I would prefer if you could leave strongswan bugs in MODIFIED state so I can handle the updates. This bug actually be fixed in f20/f19/f18/el6 with an update I'm just issuing.
strongswan-5.1.1-4.fc18 has been submitted as an update for Fedora 18. https://admin.fedoraproject.org/updates/strongswan-5.1.1-4.fc18
strongswan-5.1.1-4.fc19 has been submitted as an update for Fedora 19. https://admin.fedoraproject.org/updates/strongswan-5.1.1-4.fc19
strongswan-5.1.1-4.fc20 has been submitted as an update for Fedora 20. https://admin.fedoraproject.org/updates/strongswan-5.1.1-4.fc20
strongswan-5.1.1-4.el6 has been submitted as an update for Fedora EPEL 6. https://admin.fedoraproject.org/updates/strongswan-5.1.1-4.el6
strongswan-5.1.1-4.fc19 has been pushed to the Fedora 19 stable repository. If problems still persist, please make note of it in this bug report.

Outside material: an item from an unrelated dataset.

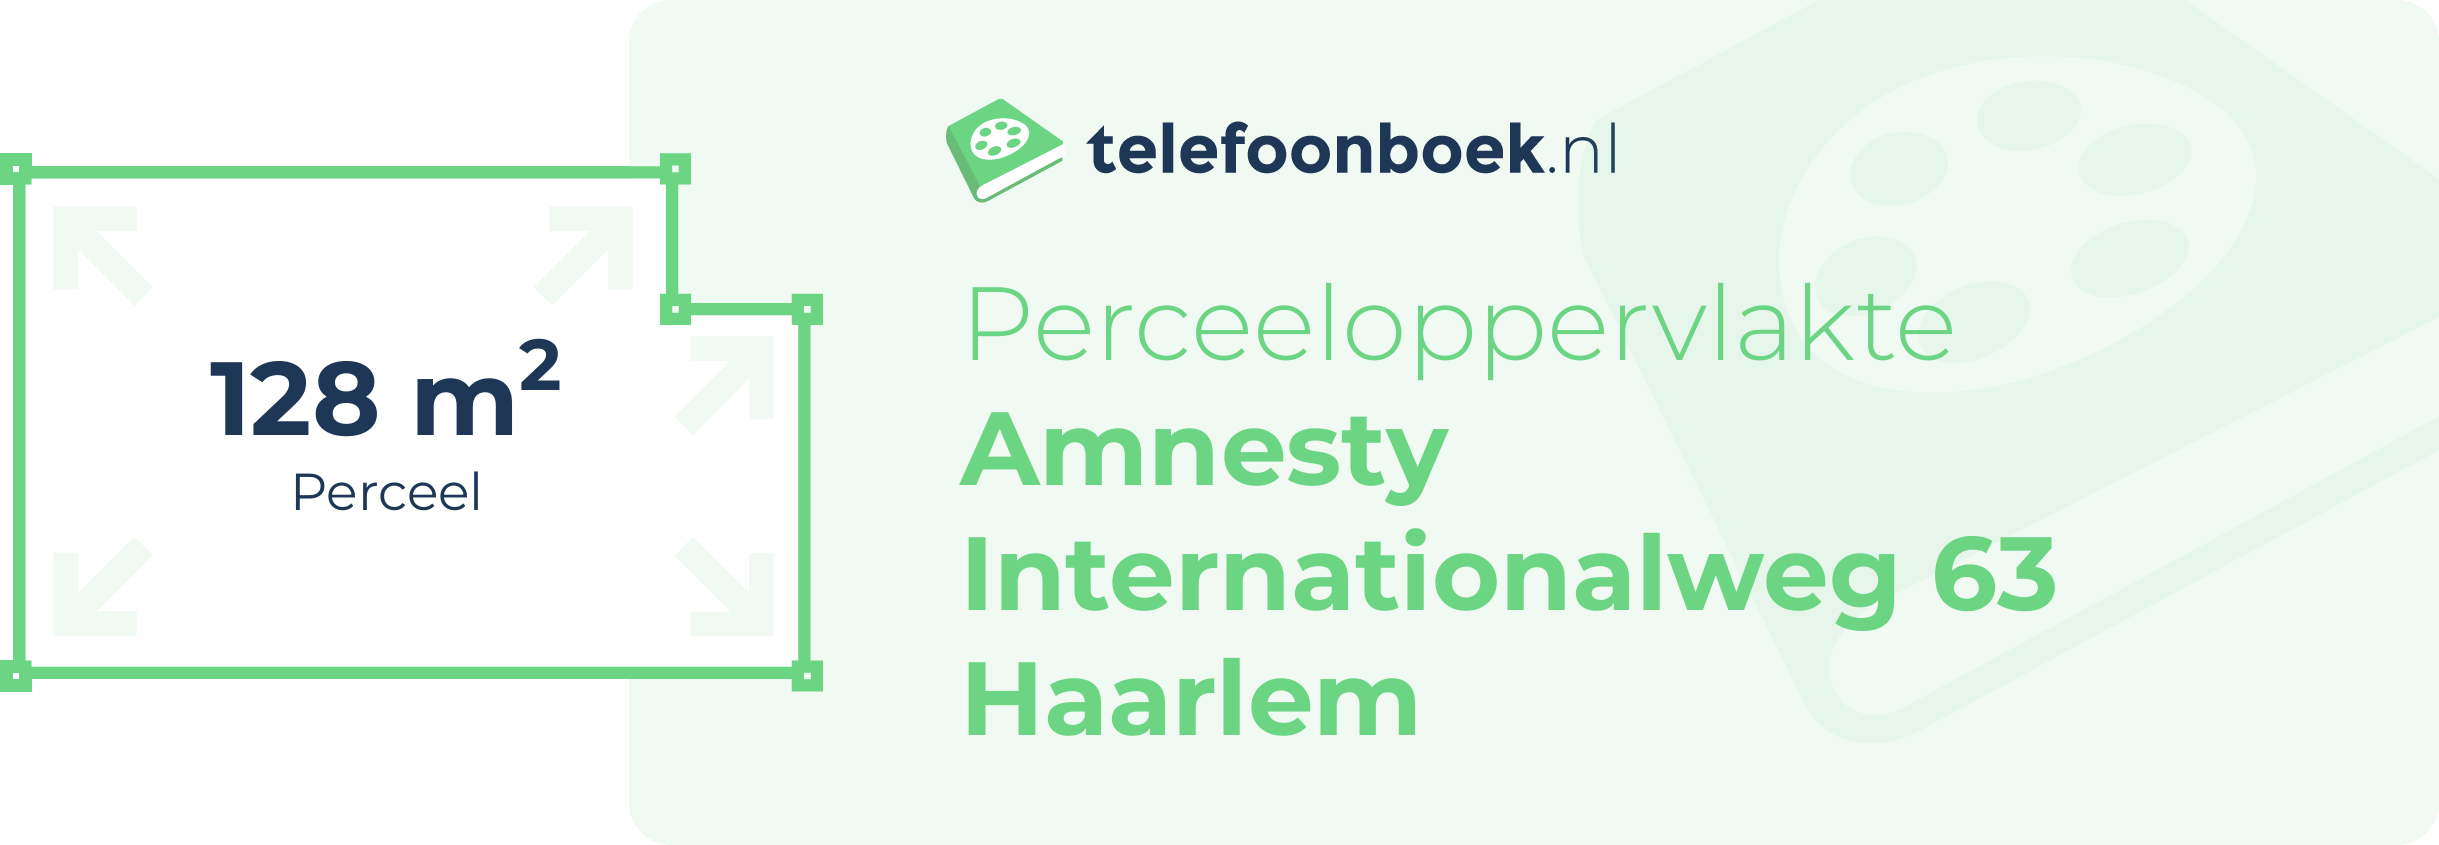 Perceeloppervlakte Amnesty Internationalweg 63 Haarlem

strongswan-5.1.1-4.fc20 has been pushed to the Fedora 20 stable repository. If problems still persist, please make note of it in this bug report.
strongswan-5.1.1-4.el6 has been pushed to the Fedora EPEL 6 stable repository. If problems still persist, please make note of it in this bug report.
Hi all, please look at a related upstream bug report and comment there. http://wiki.strongswan.org/issues/538 I would be happy if we improved the Fedora strongswan upstream/downstream relation and if important changes like that would rather go through upstream. The strongswan upstream is usually rather quick, so there's no need for forking the development in Fedora.
Avesh, could you please update the upstream bug report with requested information? Pavel
My intention is to remove the patches as soon as possible. But before doing so, I would like to make sure appropriate changes are made in the upstream project to keep the already acquired features working.
Please cooperate on upstreaming the strongswan patches. See https://bugzilla.redhat.com/show_bug.cgi?id=1087437
This message is a notice that Fedora 19 is now at end of life. Fedora has stopped maintaining and issuing updates for Fedora 19. It is Fedora's policy to close all bug reports from releases that are no longer maintained. Approximately 4 (four) weeks from now this bug will be closed as EOL if it remains open with a Fedora 'version' of '19'. Package Maintainer: If you wish for this bug to remain open because you plan to fix it in a currently maintained version, simply change the 'version' to a later Fedora version. Thank you for reporting this issue and we are sorry that we were not able to fix it before Fedora 19 is end of life. If you would still like to see this bug fixed and are able to reproduce it against a later version of Fedora, you are encouraged change the 'version' to a later Fedora version prior this bug is closed as described in the policy above. Although we aim to fix as many bugs as possible during every release's lifetime, sometimes those efforts are overtaken by events. Often a more recent Fedora release includes newer upstream software that fixes bugs or makes them obsolete.
Fedora 19 changed to end-of-life (EOL) status on 2015-01-06. Fedora 19 is no longer maintained, which means that it will not receive any further security or bug fix updates. As a result we are closing this bug. If you can reproduce this bug against a currently maintained version of Fedora please feel free to reopen this bug against that version. If you are unable to reopen this bug, please file a new report against the current release. If you experience problems, please add a comment to this bug. Thank you for reporting this bug and we are sorry it could not be fixed.